Despite the fervor with which I despise the manic pixie dream girl archetype, I have always found the film “(500) Days of Summer” to be undeniably charming. To the uninitiated, it is the indie tale of Summer played by Zooey Deschanel, who doesn’t believe in love, and Tom, played by Joseph Gordon-Levitt, who is an unapologetic romantic, and their relationship spanning a year and a half. They have their ups and downs as Tom slowly falls in love and Summer slowly does not.
In a scene toward the end of the film (after they have broken up), they run into one another and Summer invites Tom to a party at her apartment. Tom is thrilled: This is his chance to win her back. The night of the party, the screen splits in two, one side showing Tom’s expectations for the night, the other showing reality. Tom’s expectations split with what the audience perceives as he is greeted at the door with a kiss, and they spend the night flirting, talking and laughing. The spark is reignited, and Tom gets the girl. It is the expected and highly satisfying rom-com ending.
On the other side of the screen, however, Tom arrives to a cordial but somewhat awkward greeting from Summer. They don’t talk one-on-one at all, and at the end of the evening Tom sees Summer showing off her engagement ring to another party goer. Ouch.

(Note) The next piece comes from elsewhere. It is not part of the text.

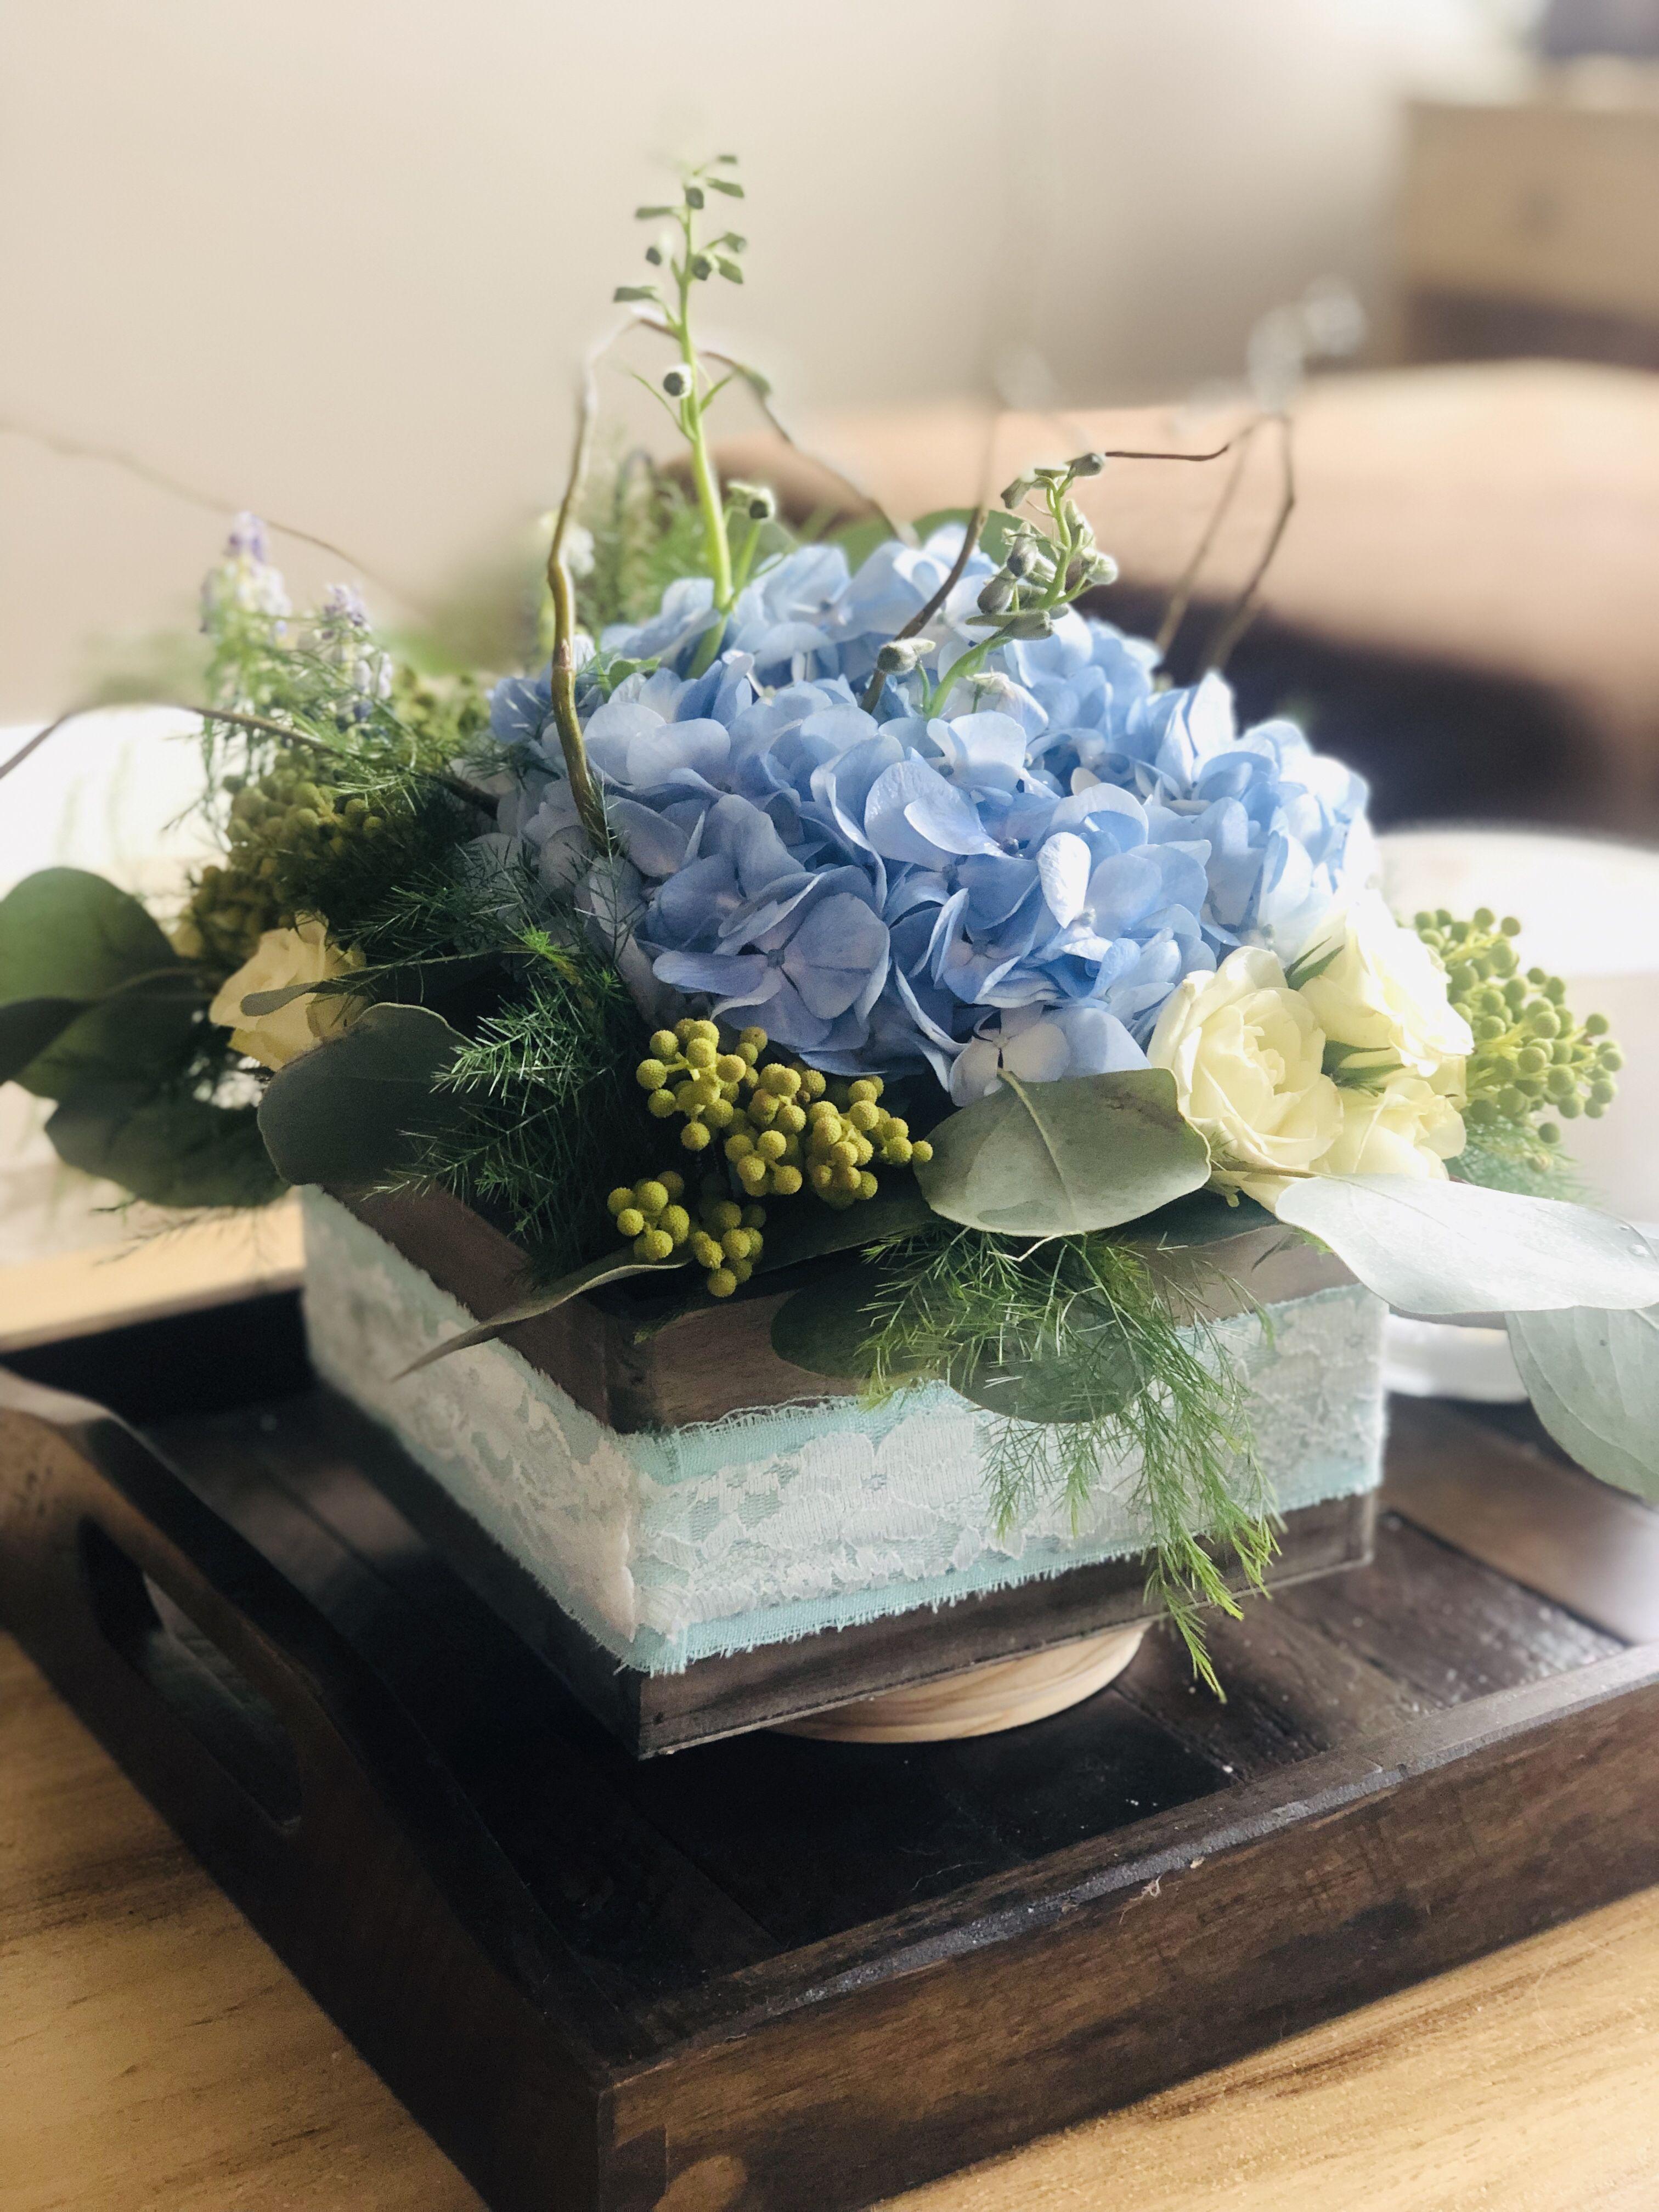 Blue Hydrangea, Blue Muscari, White Spray Roses, Brunia

When I was in high school, I had spectacular fantasies that played out in my head. I imbued them with intricate detail, making them as plausible as I could, as if the more particular they were the more likely I could will them into being. These fantasies became expectations that led to a general and persistent disappointment in my reality. I had a lot of feelings from ages 12 to 17, as I think most people do—for example I wrote one day (likely in response to one of those expectations failing to come to fruition), “I’m feeling a lot of things, but most prominent is an eagerness to have one of my feelings validated by an actual event.”
I don’t remember what prompted me to write this down, but reading it now makes me chuckle. I’m a bit in awe of my ability to condense the entire teenage girl experience into one sentence. I watched a lot of movies and read a lot of books at 14 and 15. Like many girls, I was obsessed with romantic dramas, finding in them the promise that I, too, could have a grand dramatic arc in my life.
I moved through high school perpetually comparing my unrealistic expectations to my banal reality. There are only so many experiences the average teen goes through. I went to school, had friends, went to movies on the weekends, did my homework and spent time with my family. I probably had a better-than-average life and a better-than-average high school experience. For someone like me, though, who inhaled popular culture, there were stark contrasts at every turn.
I was only granted access to much of the human experience through back channels: TV shows, movies, novels and second-hand stories. I tried to shove my own experiences into these molds like an ugly stepsister with a too-small glass slipper, impatient to have my own stories to tell.
My life seemingly had no plot, and I felt I was being denied a rite of passage. So, I spun my own stories. As I fell asleep each night, I scripted my life in a way believable enough that I would wake up the next morning confident that this alternate reality could unfold if only this or that fell into place.
I imagined the boy I had a crush on since sophomore year would finally realize he liked me. I imagined I would suddenly learn to love exercising and get into amazing shape so I wouldn’t always feel like the girl who might be beautiful if she wasn’t a few pounds over the heroine chic ideal. I imagined I would be struck with a lightning bolt of inspiration and finally find the persistence to write a novel. I had the dedication already written.
I became very good at telling myself these stories, and they felt more and more real to me. In the 20 minutes it took me to fall asleep, I would have a first kiss with a boy, become a published author and run a marathon. I was invested in each plot, and I followed myself like a character in a book. I felt what she felt. I woke up in the morning hopeful, then lived the same day I had lived the day before. And the day before that.
So, I had a lot of feelings in high school. The problem was I imagined most of them. I craved that swell of emotion you feel when something spectacular happens to a character you have been following for five seasons or five hundred pages. I had never really felt any of those things in real life. I had to create artificial placeholders.
Since coming to college, I have experienced one or two of the things I used to only play out in my head. I have had some of the feelings that I craved at 14 validated by actual events. But when milestones are only imagined, it is easy to strip away any undesirable fallout. There are no fights with imaginary boyfriends, and you don’t actually have to sweat if you only imagine losing weight. Reality is always more complicated and a little harder than just the girl getting the guy.
Now, I think often of another, smaller scene from “(500) Days of Summer.” One of Tom’s roommates is describing his dream girl in comparison to his current girlfriend. She would have bigger boobs and different hair and be more into sports. “But,” he says, “truthfully, Robin’s better than the girl of my dreams. She’s real.” An imaginary life is perfect, but it pales in comparison to the tangible messiness we get to live every day.